When it comes to choose a knife you want to have one that will last a lifetime… this comes down to what kind of metal you have in the knife.
You see, if you purchase a lower quality blade it can be susceptible to rust, breakage, flimsiness and inability to stay sharp. These are all things you want to avoid when it comes to a knife, because if your knives rust, then it is a serious health risk.
If your knife breaks, well then you have to get a new one… if it is flimsy or dull then you risk the cutting yourself and also ruining your food that you cut.
We will share with you some of the most common knife blade metals and the benefits along with consequences of each metal.
You can check out this awesome chart about knife metals.
The Best Knife Metals
1. 420 Stainless Steel
This is one of the most commonly used metals for knife blades because it is inexpensive, and is also a strong, durable metal.
With this in mind, they tend to be easy to reshape, along with the fact that they retain an edge for a fairly decent amount of time makes it a good quality metal.
On top of this, it has decent resistance against corrosion, which is a must because using a rusty blade is not safe at all.
The main downfall though is that since it is not a high quality blade metal, which means that if you want a high quality knife, you won’t get it with this blade metal.
2. CPM S30V®
This is an American made engineered metal and is known for its high quality. It has some of the best corrosion resistance on the market, because it is designed to work in almost any situation.
On top of that it has a very high blade retention which means if you sharpen it, it will stay sharp for a very long time, On the other hand though, this also means that it will be harder to sharpen because it is made to last and keep its edge… however that is a minor flaw.
Lastly, since it is a much higher quality knife blade, it can also boost the prices of the knives thus making them more expensive. However it is better to spend money a higher quality blade than a cheap blade.
This is the counterpart to the CPM S30V, it is a high quality steel that contains carbon along with high amounts of chromium, molybdenum and vanadium. Which pretty much means it has added in elements to make it stronger, and more durable.
The steel is double tempered which gives any knife with the S30V steel higher durability and sharpness.
On top of that it does come with a higher resistance to corrosion because it is double tempered, however like its counterpart the CPM S30V it does take more effort to sharpen because of how hard of a metal it is.
4. 440A High Carbon Stainless Steel
This is a very comment high carbon stainless steel that is especially used for sushi and sashimi knives. The reason that it is used for sushi and sashimi knives is because the high carbon keeps food from sticking to the blade.

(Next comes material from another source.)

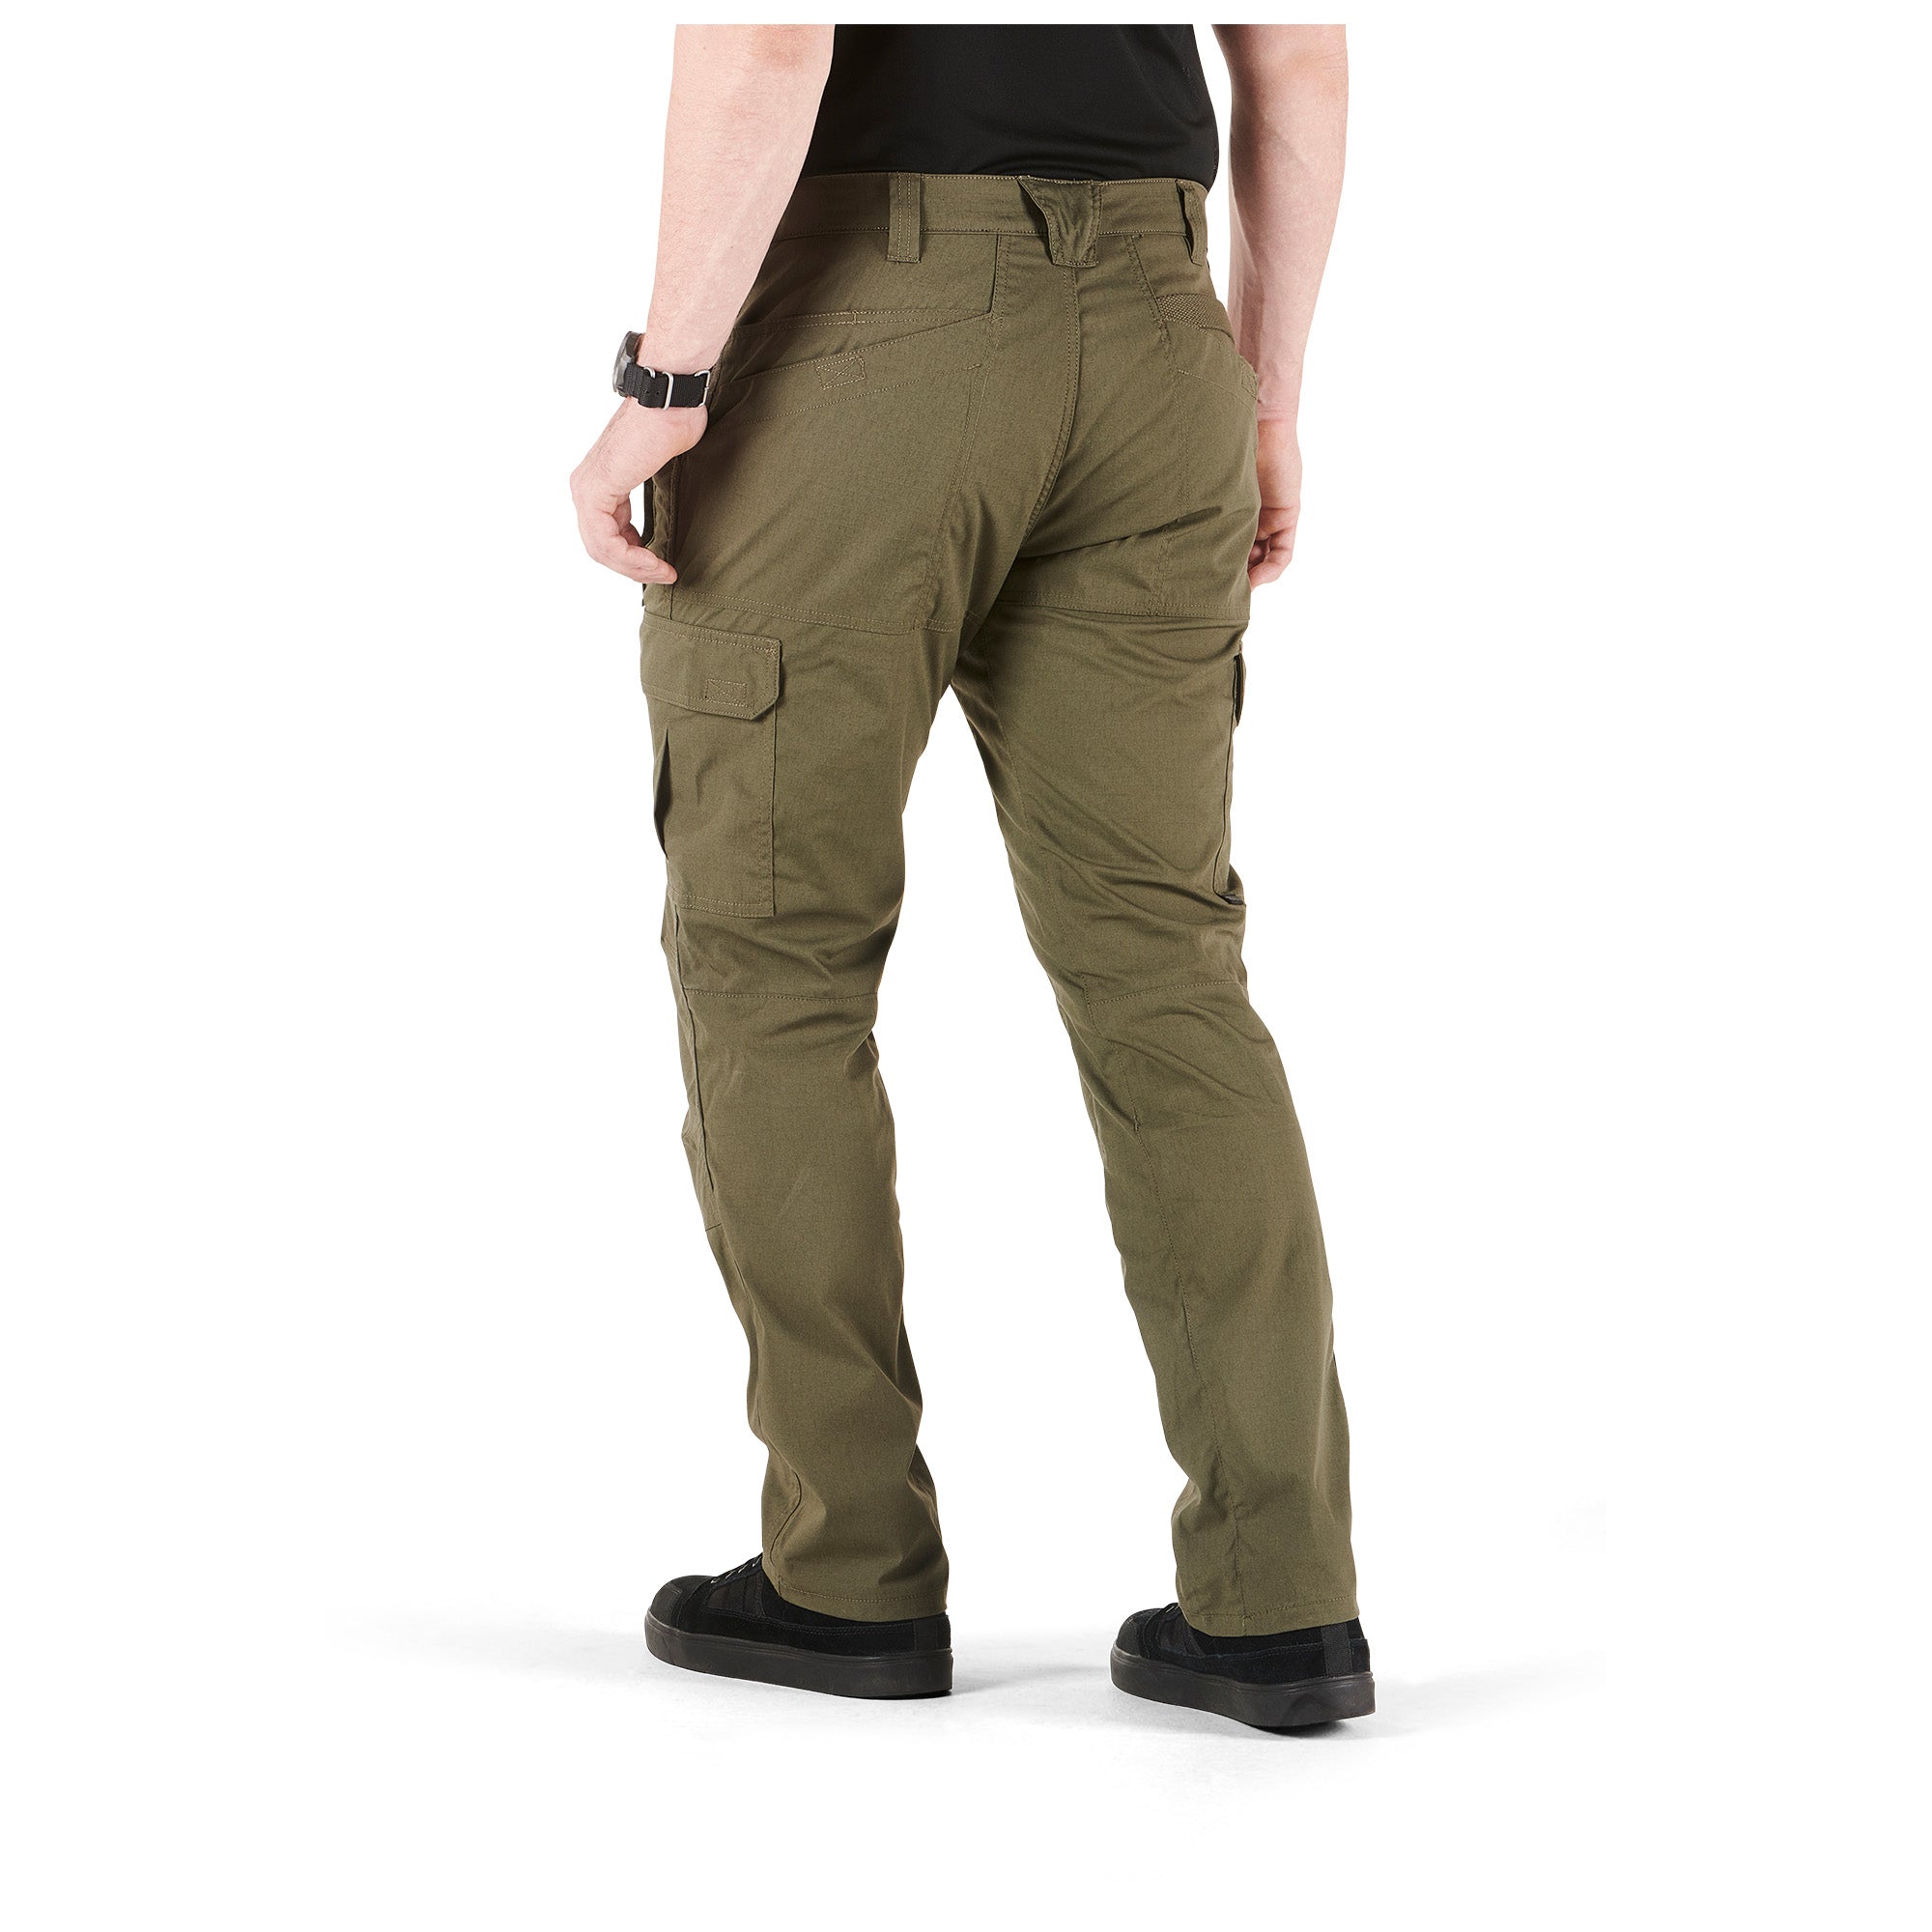 5.11 Tactical ABR Pro Pants Ranger Green
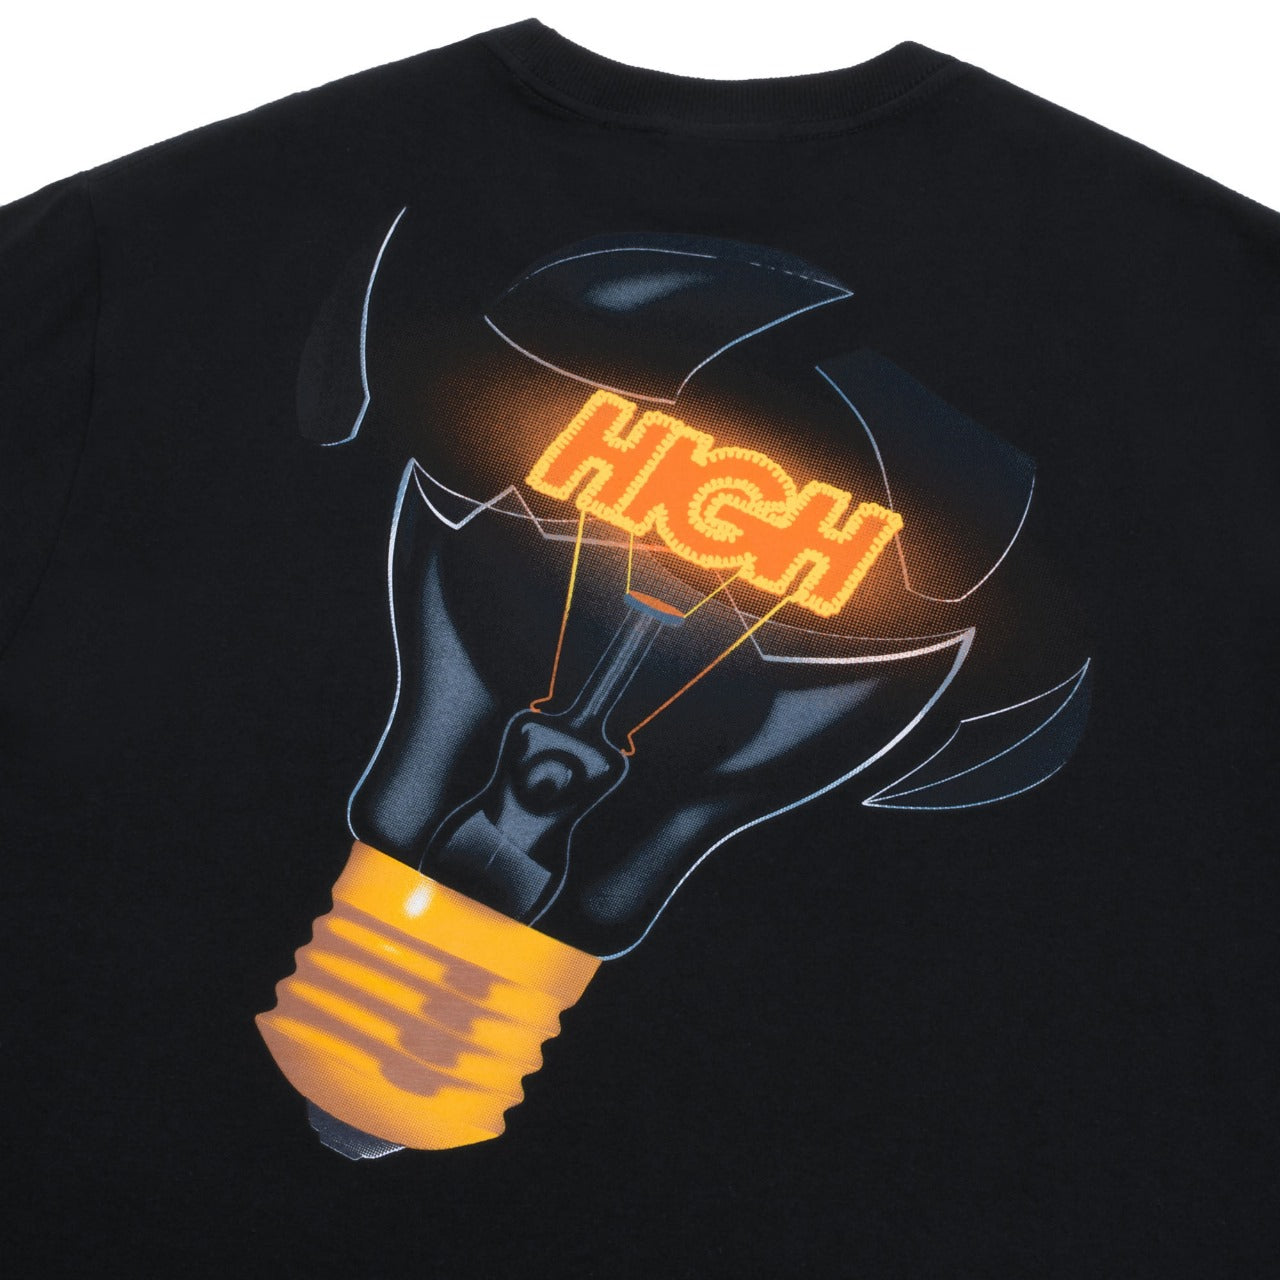 Camiseta High Bulb Black (8102897615064)

On top of that it is able to keep an edge very well, but you do sacrifice corrosion resistance, so with these kind of knives you have to make sure that you wash/clean them and then dry right away.
5. Carbon V®
Last but certainly not least is the Carbon V… It is one of the best knife metals out there because it is a low alloy, steel that is superior to most steels due to its chemistry and the way it is made.
Carbon V® knives will last for a long time due to its toughness, however this does make it harder to sharpen the knife because it is so hard. But I think that is a minor flaw, because we would rather have a blade that will last a lifetime, than a knife that could potentially break or be dull all of the time.
On top of that, it will make the knives more expensive because Carbon V® is an extremely high quality knife metal, but this is easily compensated by how long your knife will last.